Genetics play a significant role that often gets overlooked. One inherited risk factor is an elevated level of a particle called lipoprotein(a), or Lp(a). Unlike regular LDL cholesterol, Lp(a) levels are almost entirely determined by your genes and don’t respond much to diet or exercise. Levels above 50 mg/dL are considered high and are linked to early heart attacks, sometimes in people under 55 with no other obvious risk factors. Most people have never had their Lp(a) tested because it isn’t part of a standard cholesterol panel, but it only needs to be checked once since the level stays relatively stable throughout life.

How Symptoms Differ Between Men and Women

The textbook heart attack symptom is crushing chest pain or pressure, often radiating down the left arm. That presentation is common in men, but women are more likely to experience symptoms that seem unrelated to the heart. These include nausea or vomiting, pain in the neck, jaw, shoulder, upper back, or upper stomach, shortness of breath, unusual fatigue, lightheadedness, and heartburn-like indigestion. Women may also feel pain in one or both arms rather than just the left.

Because these symptoms can mimic other conditions, women are more likely to delay seeking help or to have their heart attack initially misdiagnosed. The key signal is that these symptoms come on suddenly, feel different from anything you normally experience, or combine in unusual ways. Sudden unexplained cold sweats paired with nausea and jaw pain, for instance, should be treated as a cardiac emergency regardless of whether chest pain is present.

Silent Heart Attacks

Between one in five and two in five heart attacks are “silent,” meaning they happen without symptoms dramatic enough for the person to recognize. You might feel unusually tired for a few days, have mild discomfort you chalk up to indigestion, or notice nothing at all. The heart muscle still sustains damage, but the event passes without a trip to the emergency room. These silent heart attacks are typically discovered weeks, months, or even years later when an electrocardiogram or imaging scan picks up evidence of scarring on the heart.
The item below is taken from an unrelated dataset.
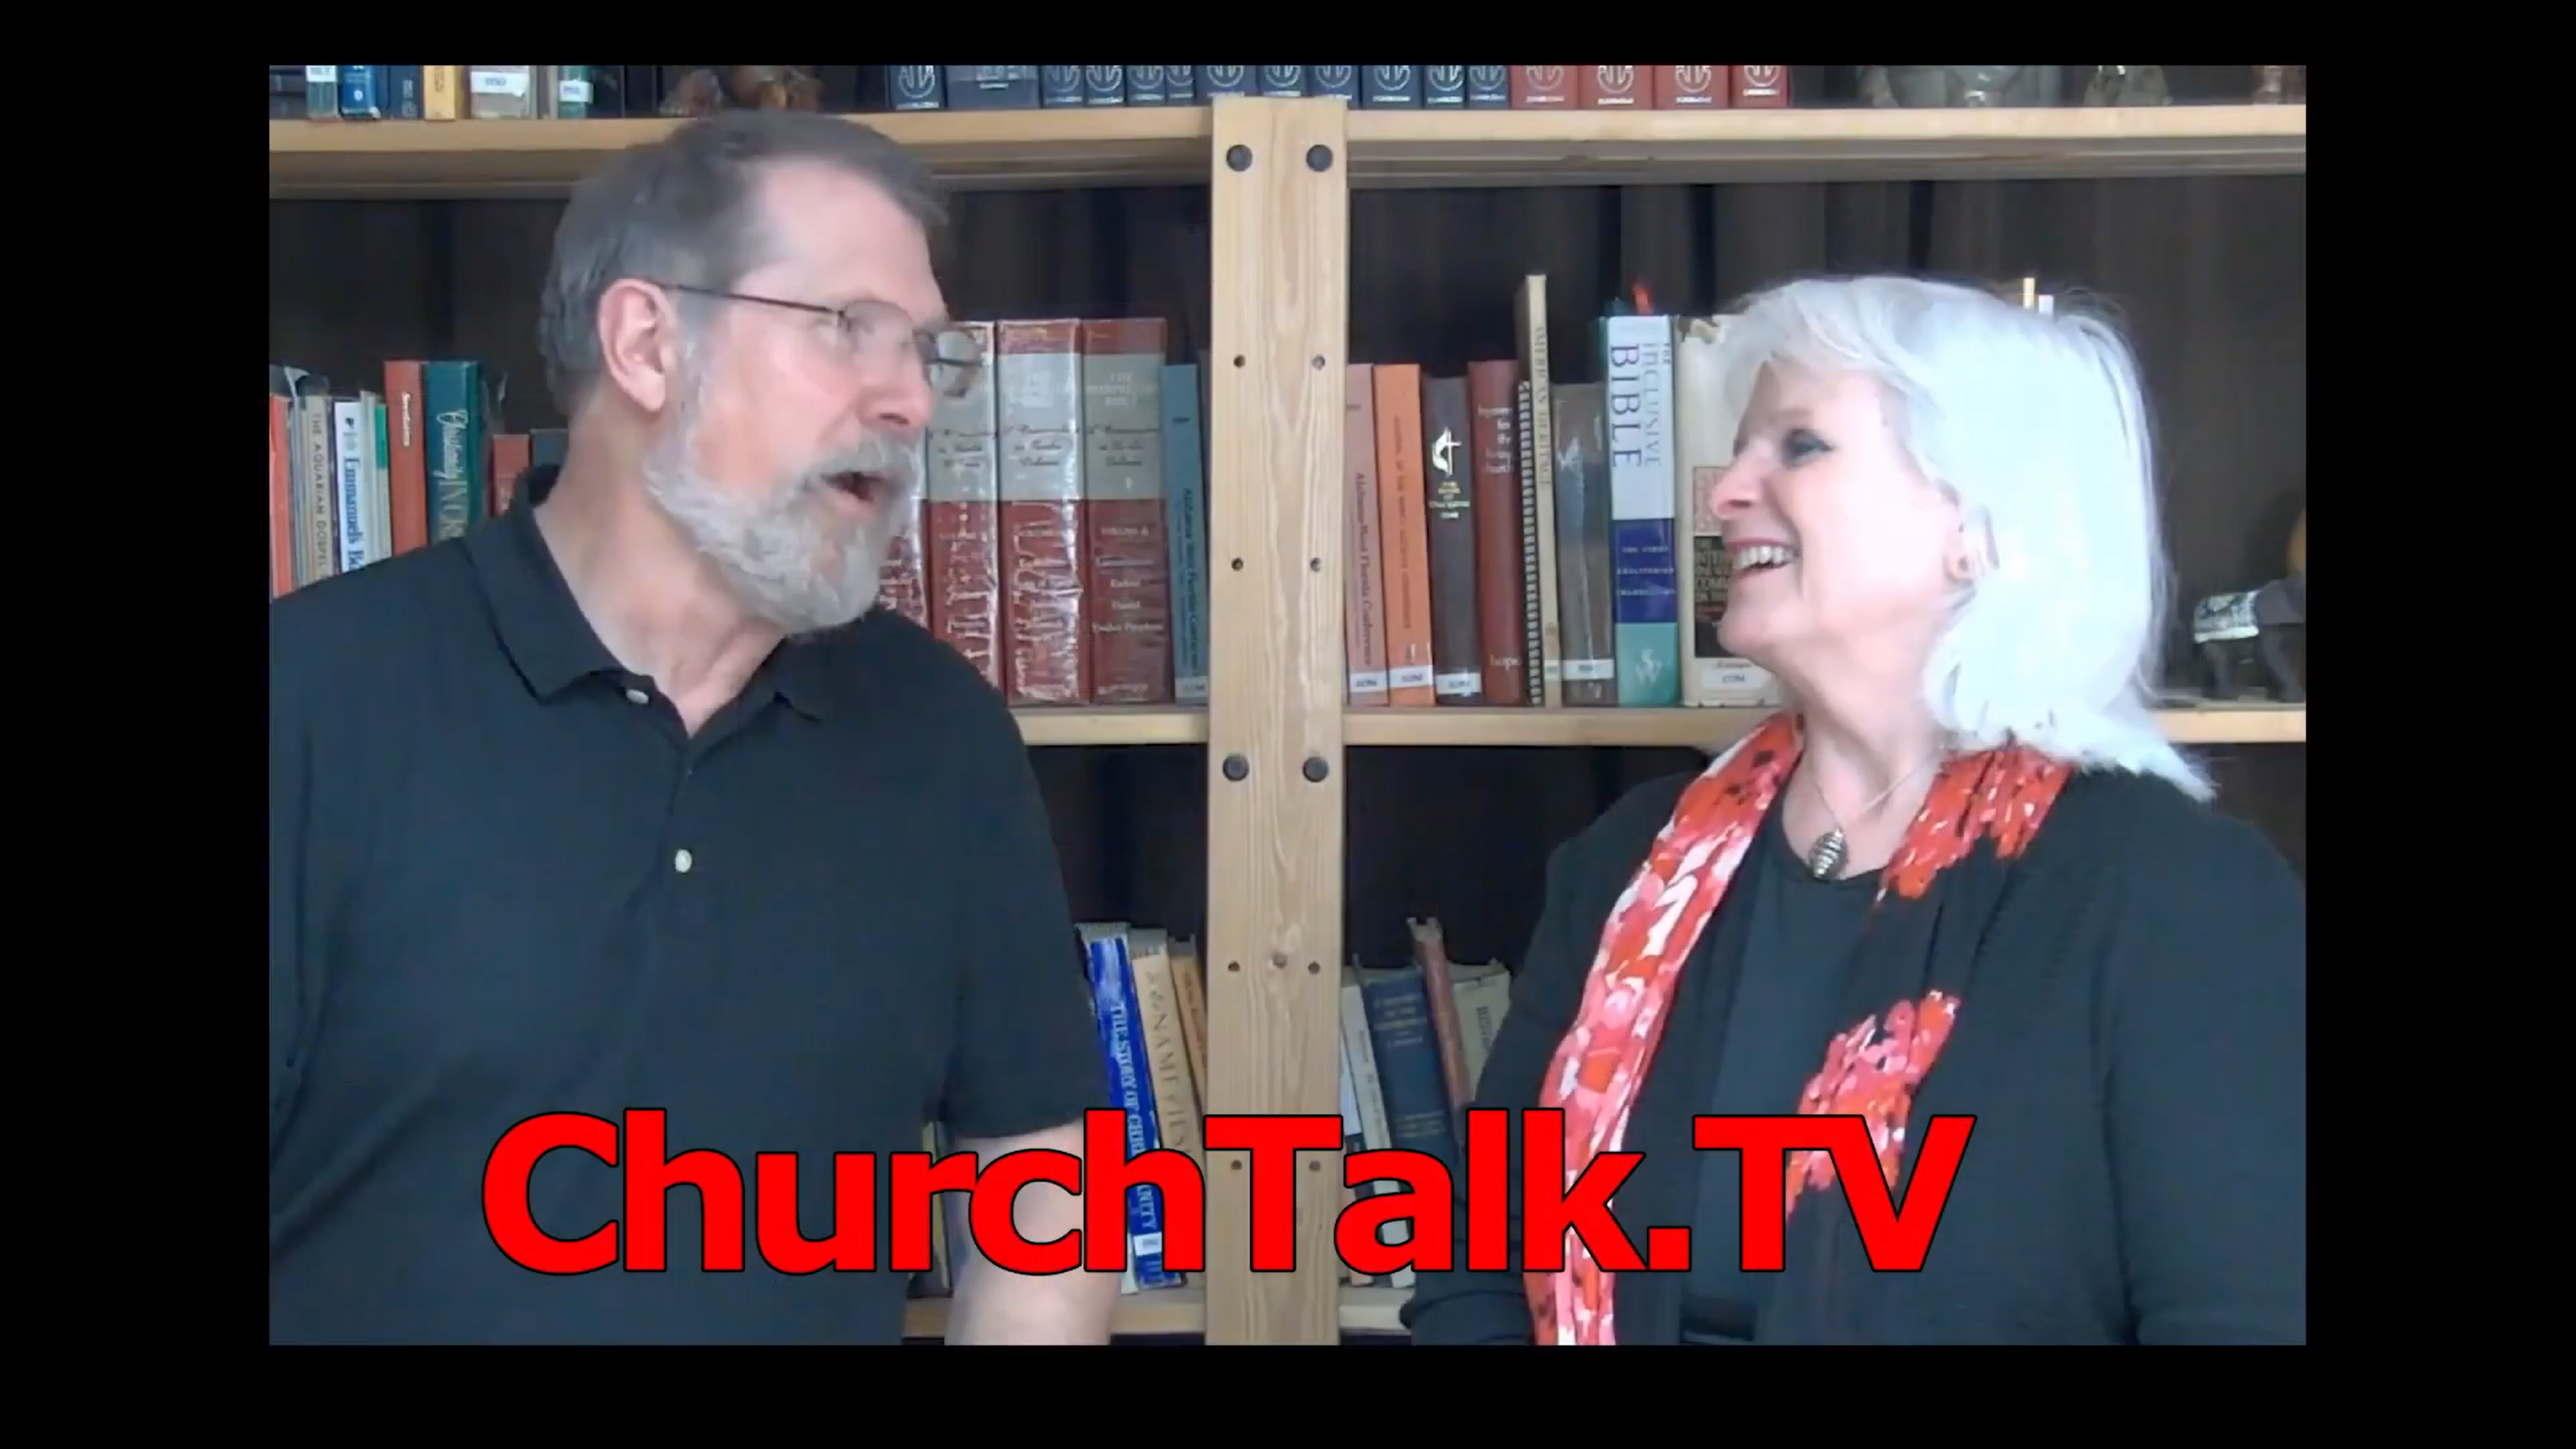 ChurchTalk.Tv

Silent heart attacks are more common in people with diabetes, partly because diabetes can damage the nerves that would normally signal pain. They carry the same long-term consequences as recognized heart attacks, including weakened heart function and a higher risk of a second, potentially more severe event.

Why Minutes Matter

Once a coronary artery is fully blocked, permanent heart muscle damage begins within about 30 minutes. The longer the artery stays closed, the more muscle dies and is replaced by scar tissue that can’t contract. This is why emergency treatment focuses on reopening the artery as fast as possible, either by threading a catheter to the blockage and inflating a tiny balloon or by using clot-dissolving medication. The phrase “time is muscle” captures the basic math: every additional minute of blockage means more irreversible damage.

Surviving a heart attack with minimal lasting damage depends heavily on how quickly you act on symptoms. People who reach the hospital within the first hour tend to have significantly better outcomes and retain more heart function than those who wait several hours hoping the discomfort will pass.